What lessons can the Tomb of the Unknown Soldier teach people today?

I think there are two main lessons that come to mind. First, this monument is a key example of how the suffering of soldiers is an extremely powerful political voice that is all too often appropriated by agendas that are made later, for other purposes. It thus asks us pointed questions about who and how we choose to remember when we think about past (and more recent) wars. Second, this monument reveals the importance of the body in grieving – or of the meeting of the dead body with the living body of those who grieve. Western culture has neglected the importance of that encounter, but I think it would benefit greatly from seeking new ways to make it happen.

 

In the centennial year of the monument, are there any other thoughts that come to mind for you?

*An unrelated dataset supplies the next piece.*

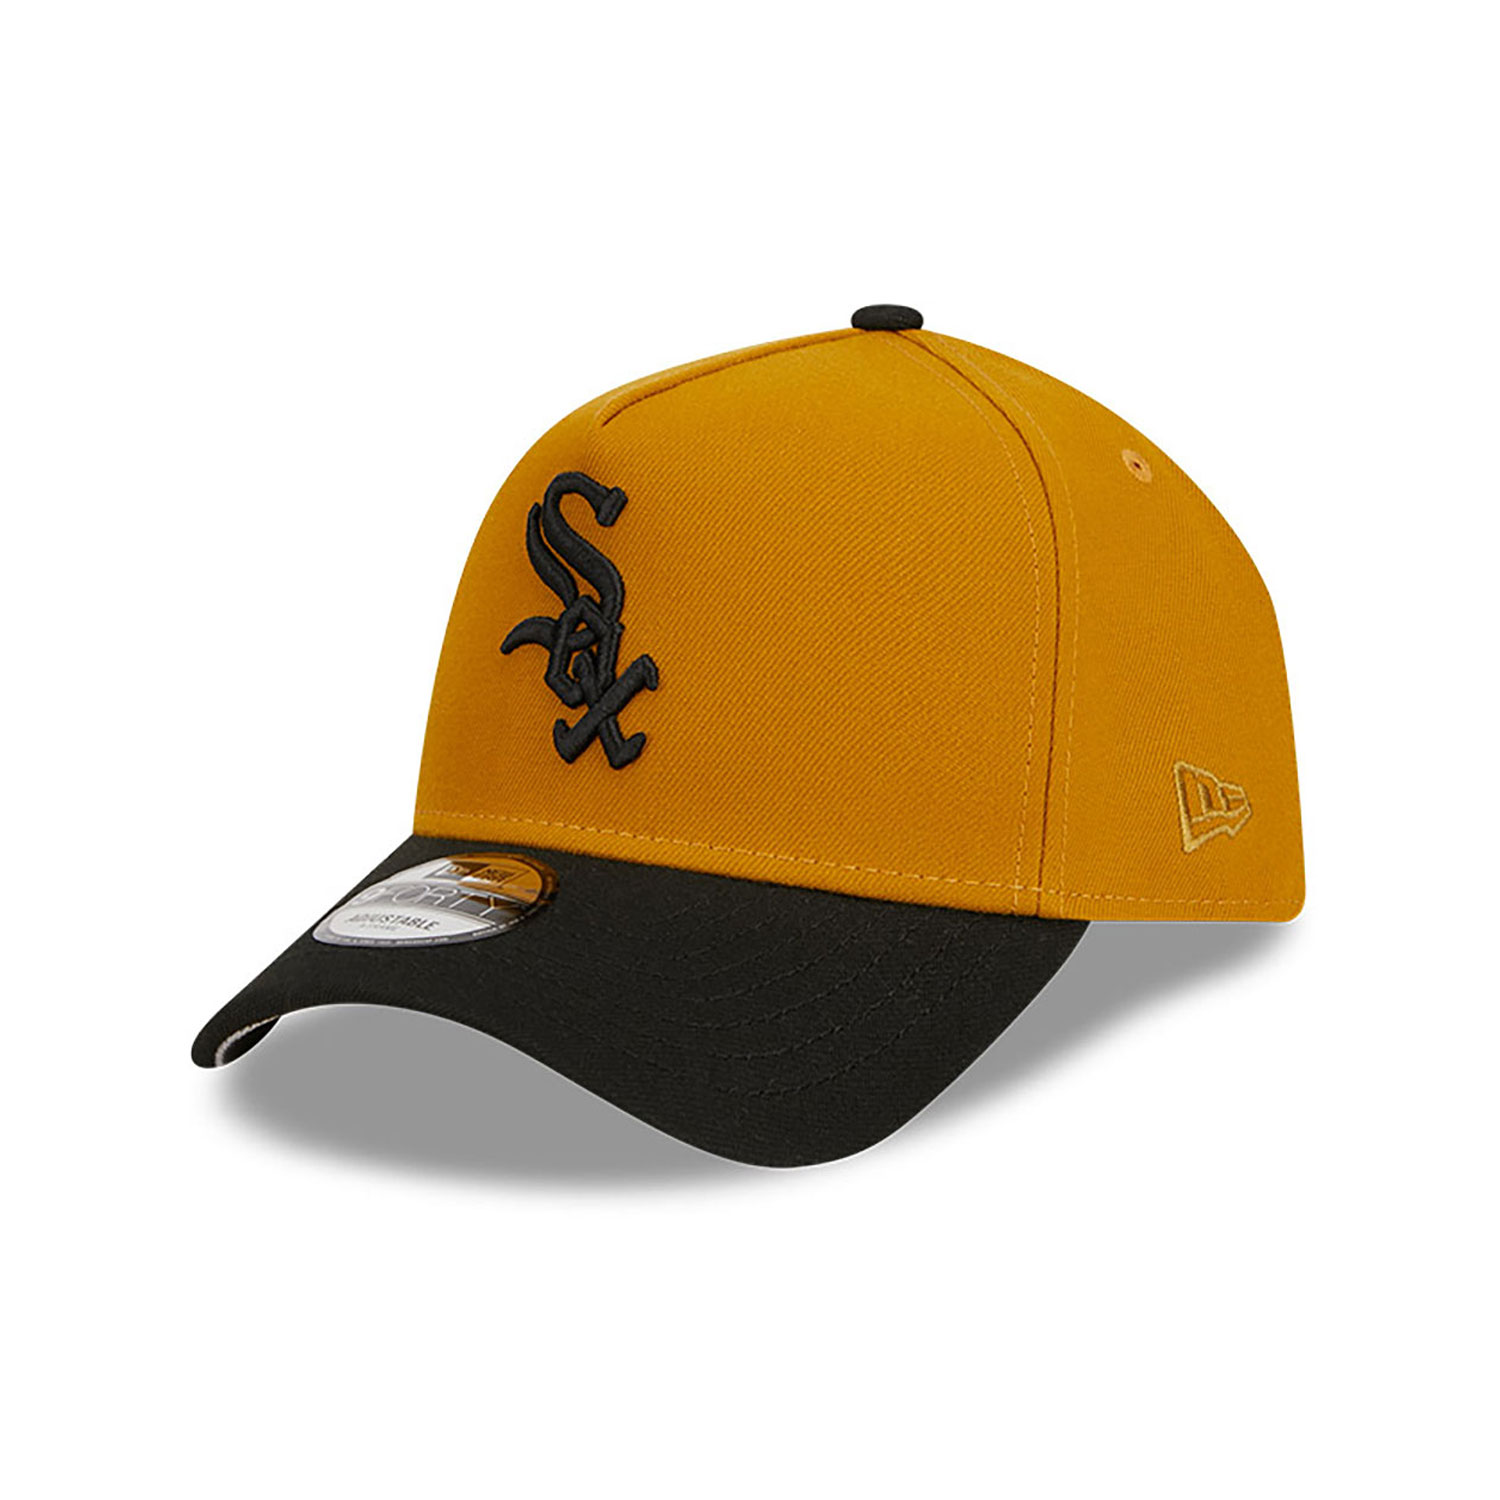 Chicago White Sox Rustic Fall Gold A-Frame 9FORTY Adjustable Cap

In the wake of COVID-19, when so many have not been able to be close to their dying loved ones, we have once again – in a very different context – lacked that embodied contact with the dead. Moreover, COVID deaths have been politicized, in polarized ways. This poses the question again of how we can give voice to the dead and their close ones without appropriating it, and while honoring the situated physicality of their suffering. The Tomb of Unknown Soldier, as a war memorial, is not the right answer, but it can be an inspiration, at the very least, to meditate today on how we can invent new forms of mourning that foreground embodiment.